In the material below, pictures must be dropped. Repeat exactly, and only, the lines from the line with "Food Line Restaurant App" to the line with "CrossBread — A", both ends included.

DATA UNDER STUDY:
————————
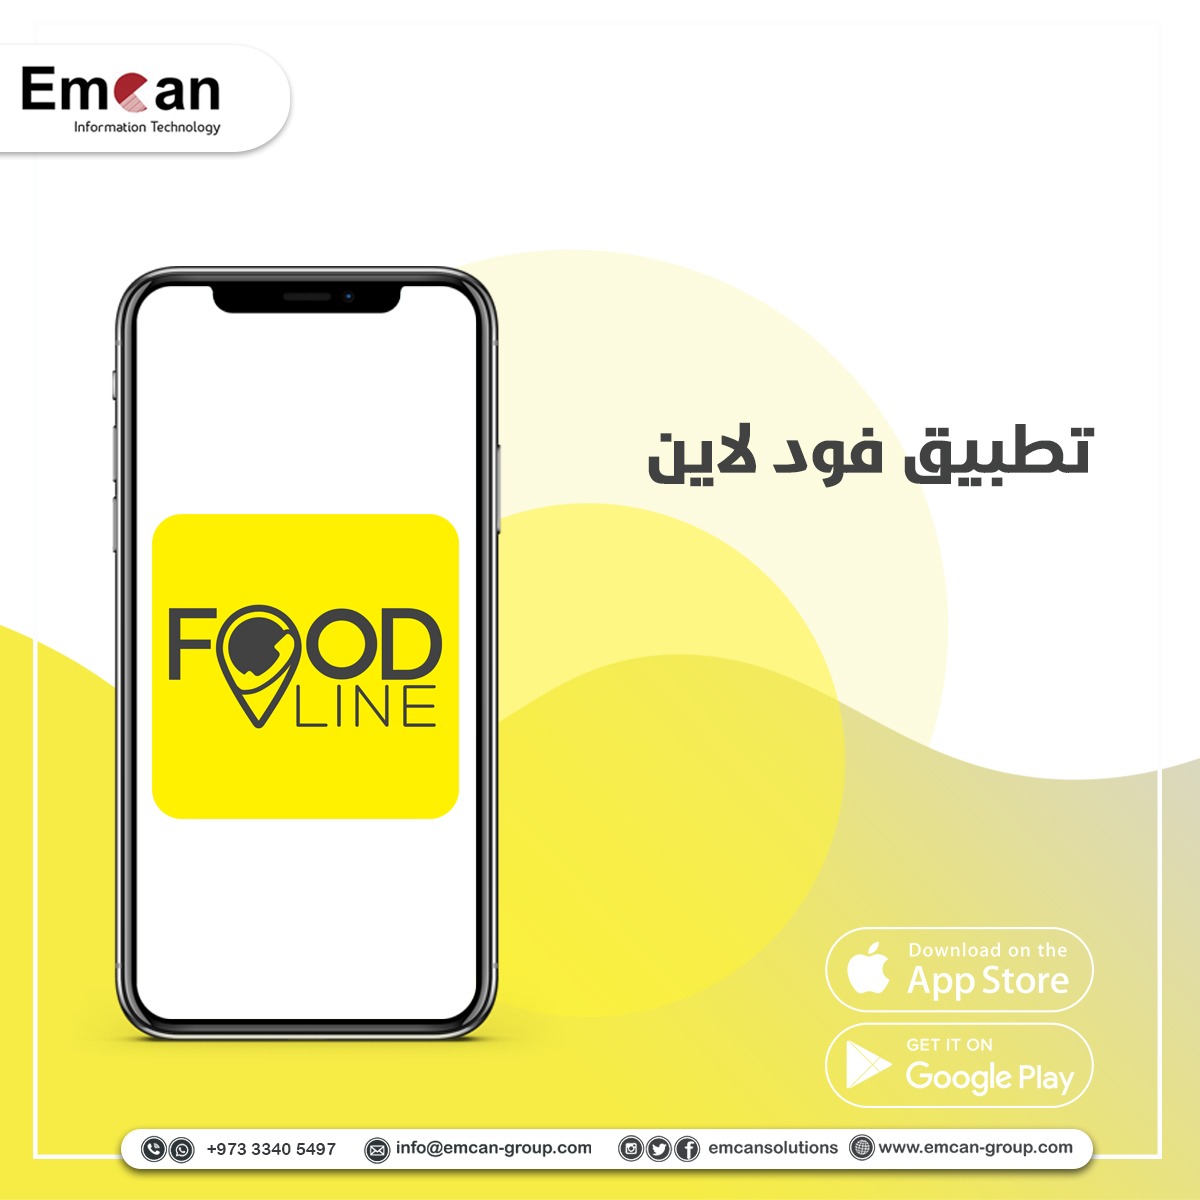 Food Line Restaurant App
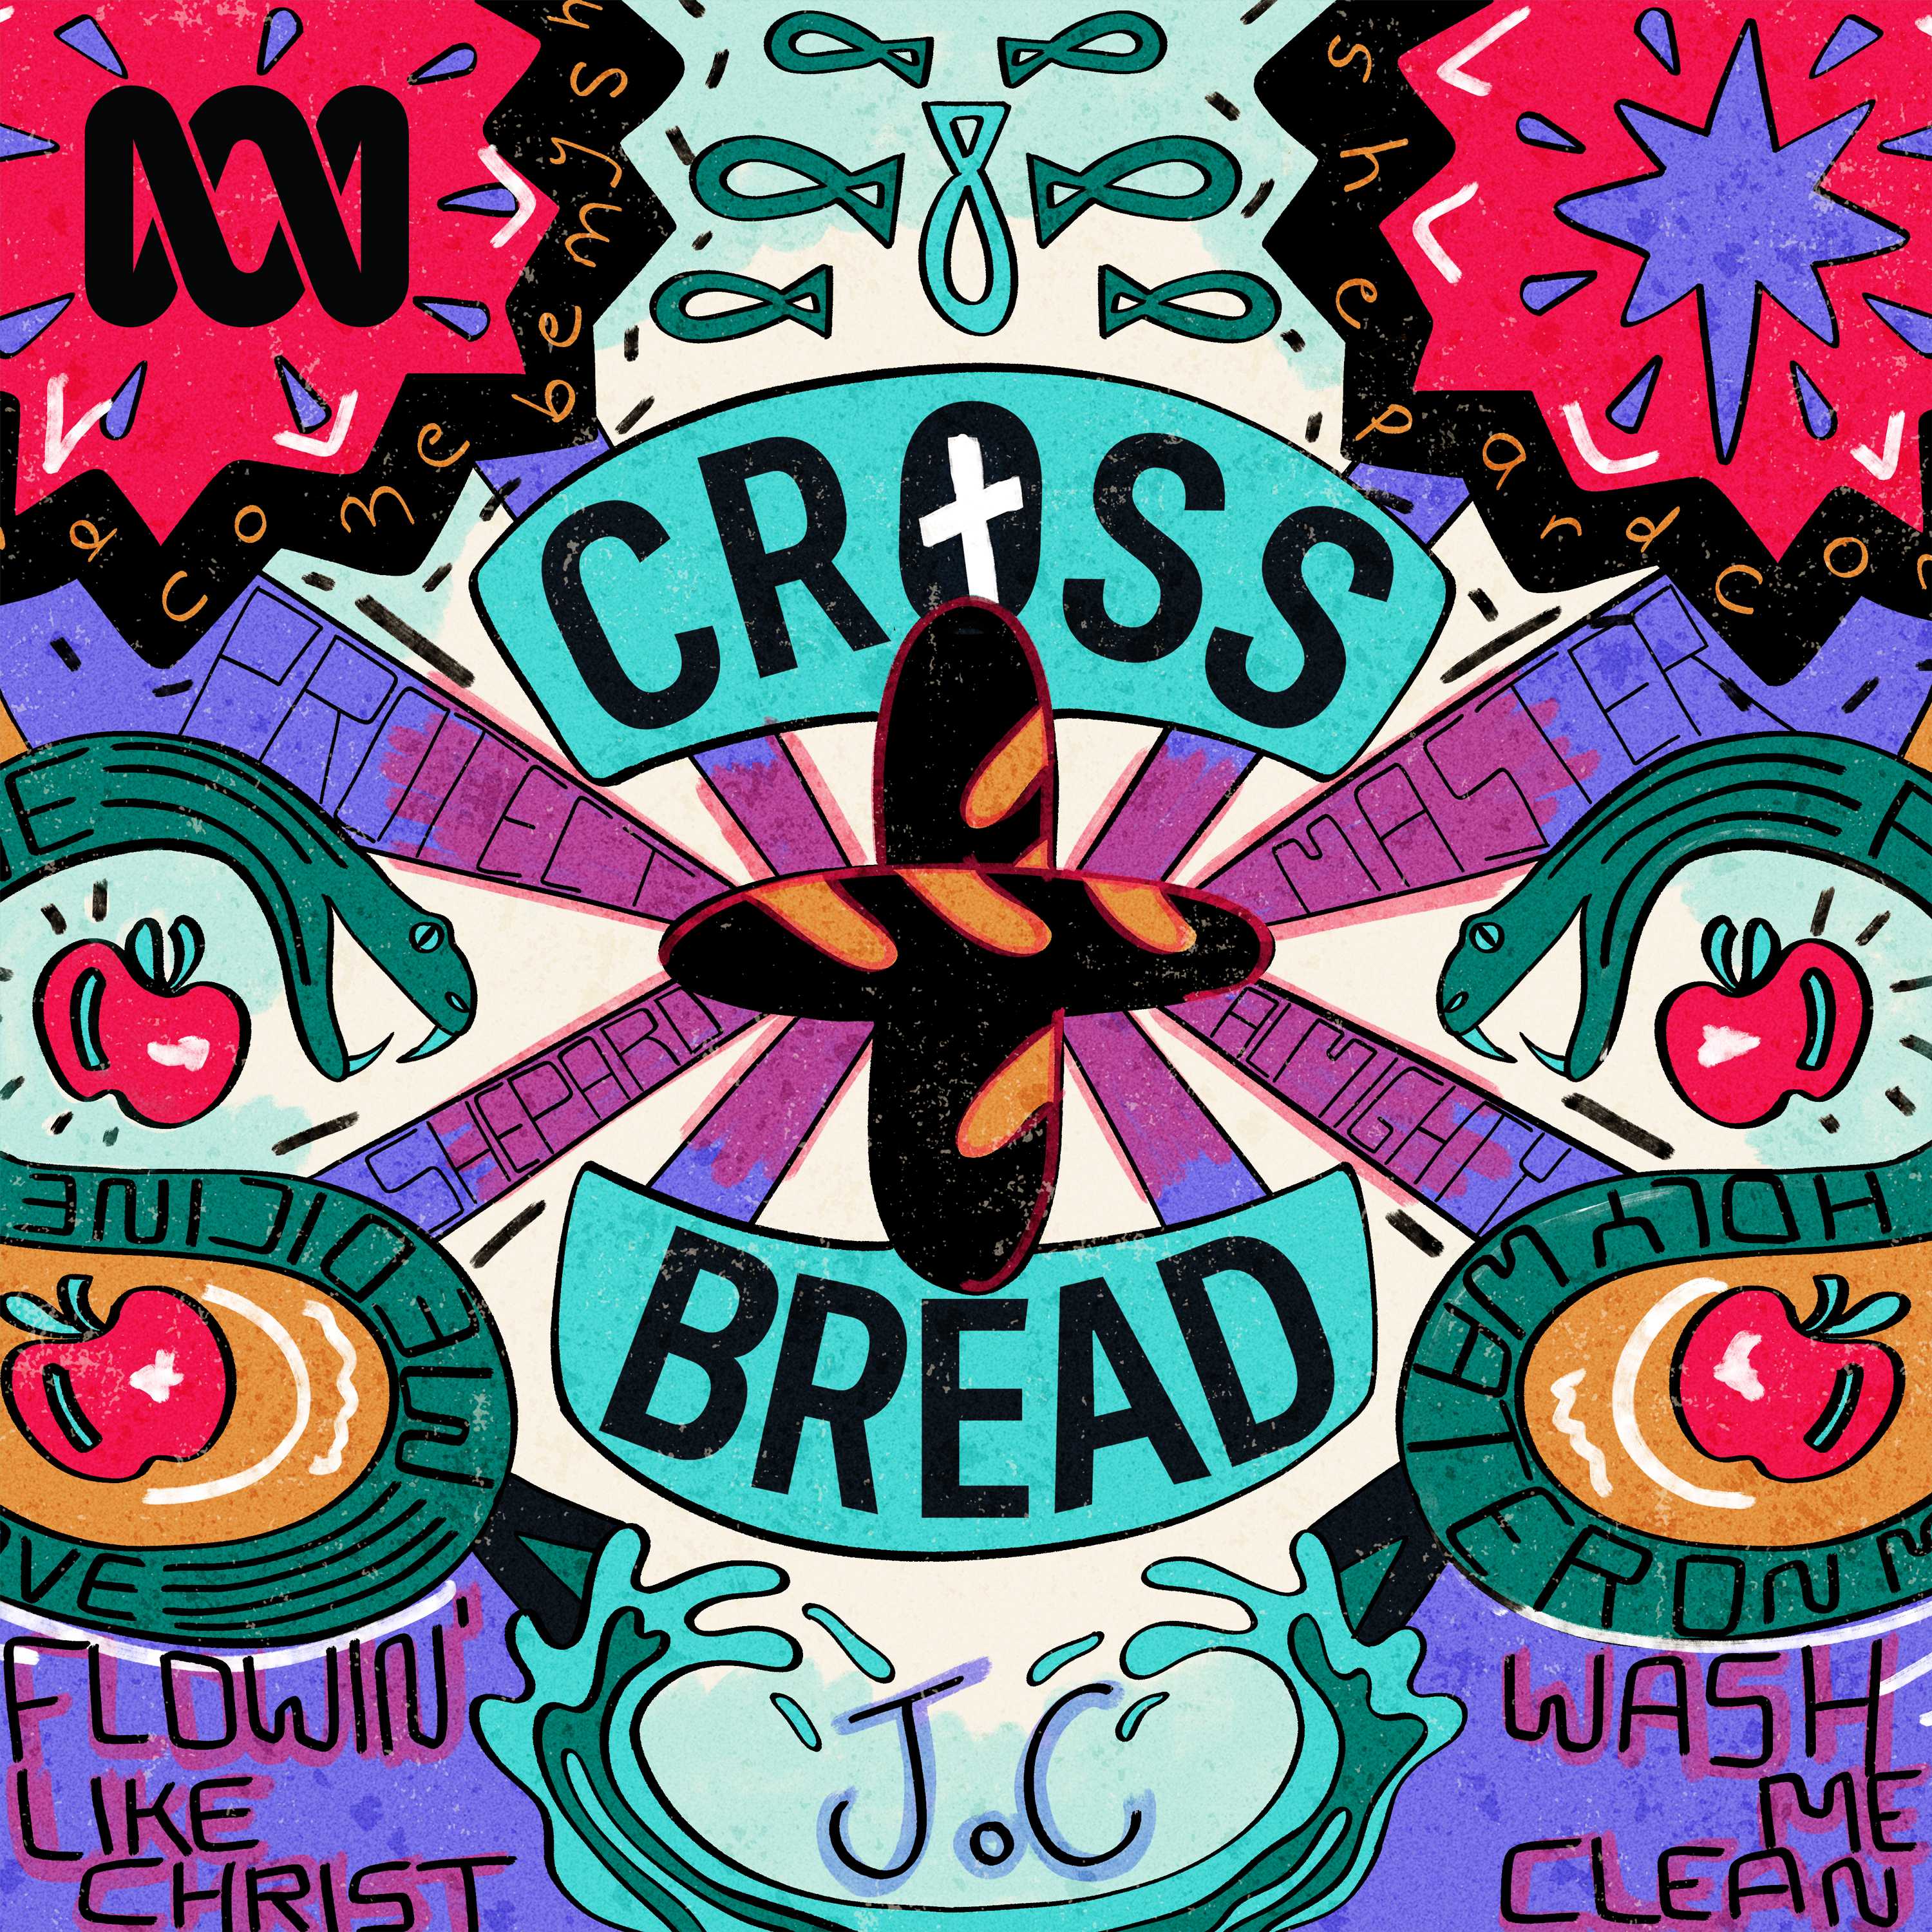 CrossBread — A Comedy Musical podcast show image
————————
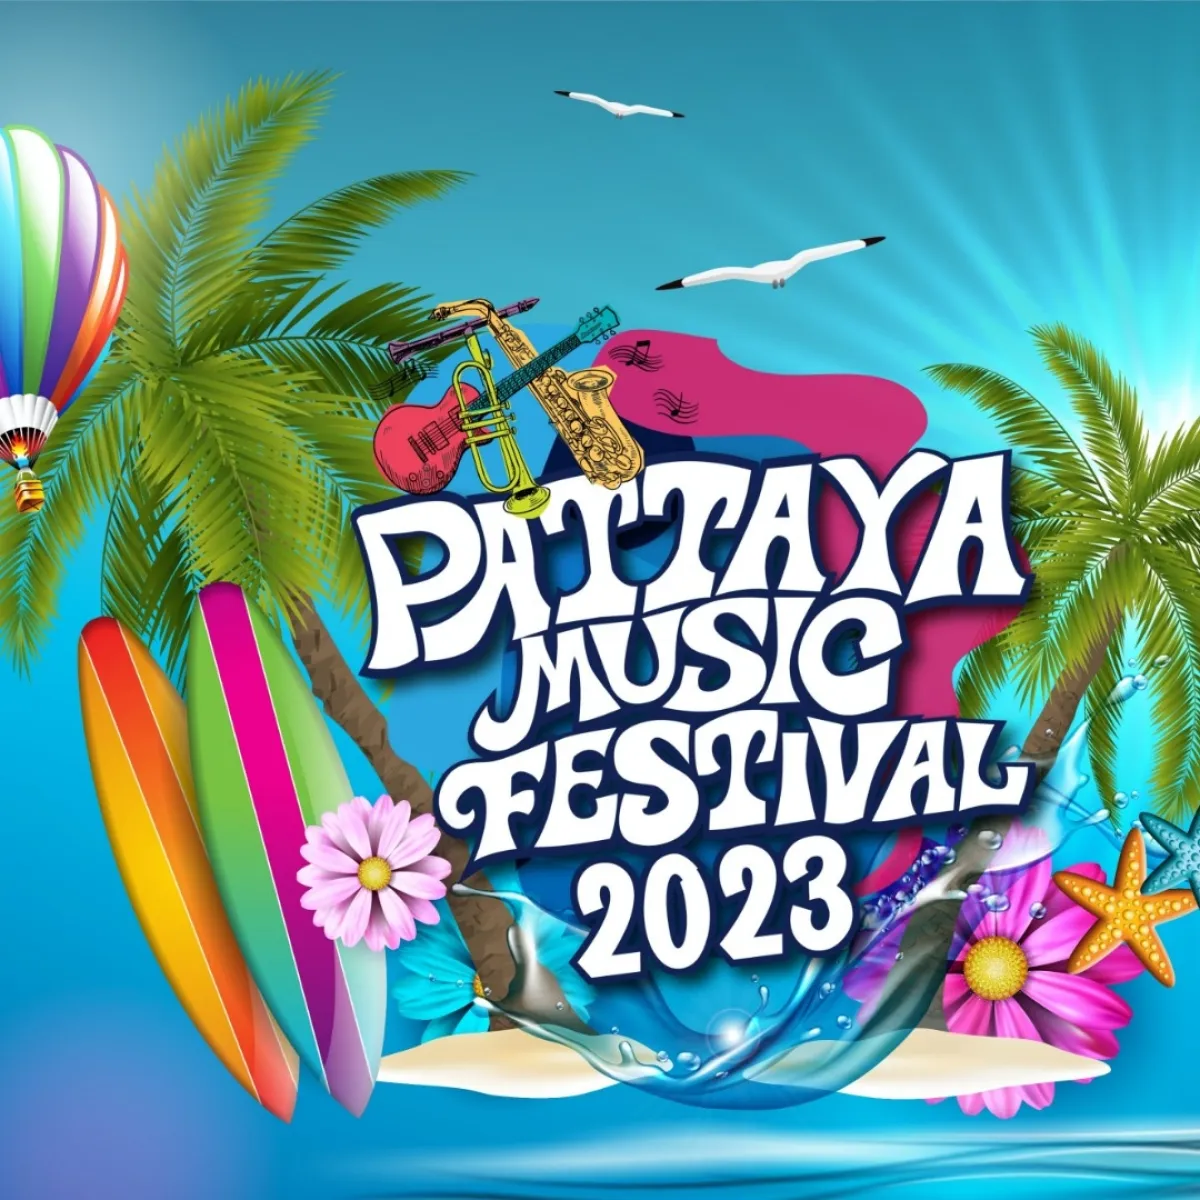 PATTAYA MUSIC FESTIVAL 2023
————————
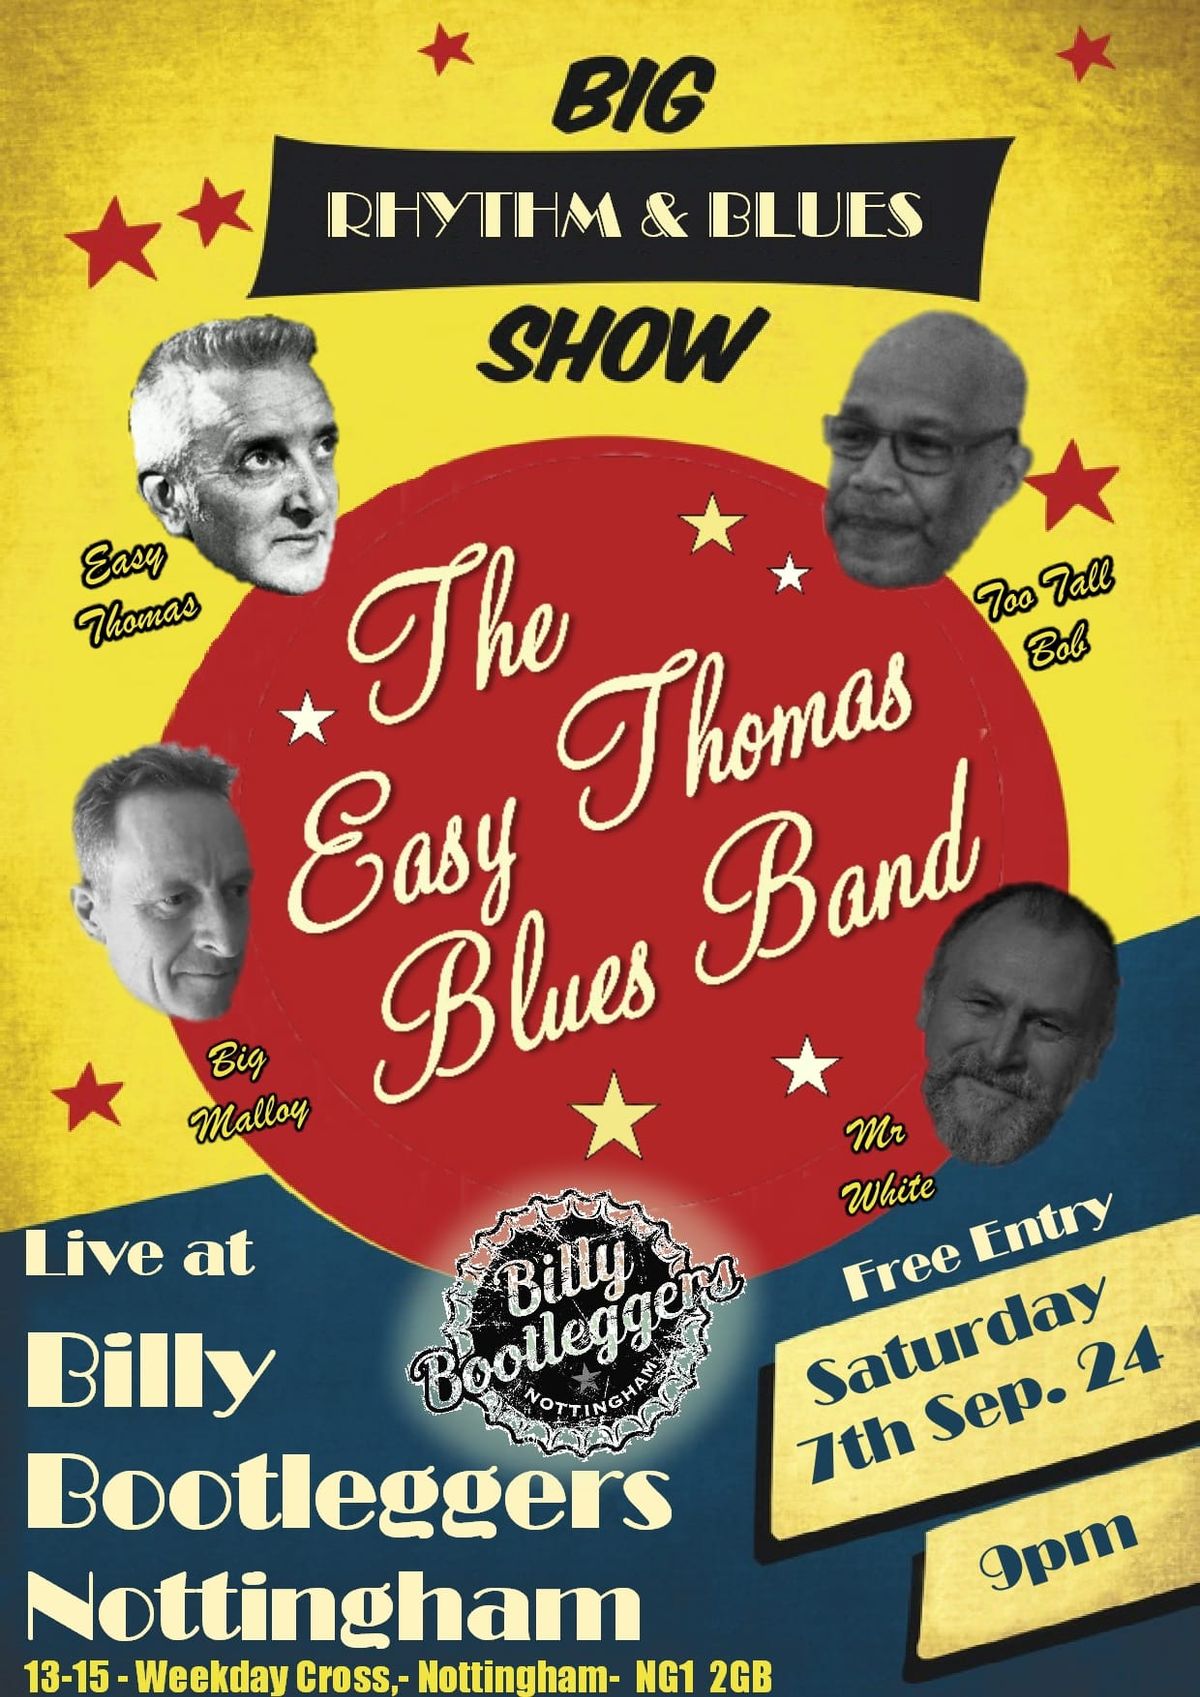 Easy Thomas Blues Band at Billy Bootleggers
————————
TASK RESPONSE:
 Food Line Restaurant App
 CrossBread — A Comedy Musical podcast show image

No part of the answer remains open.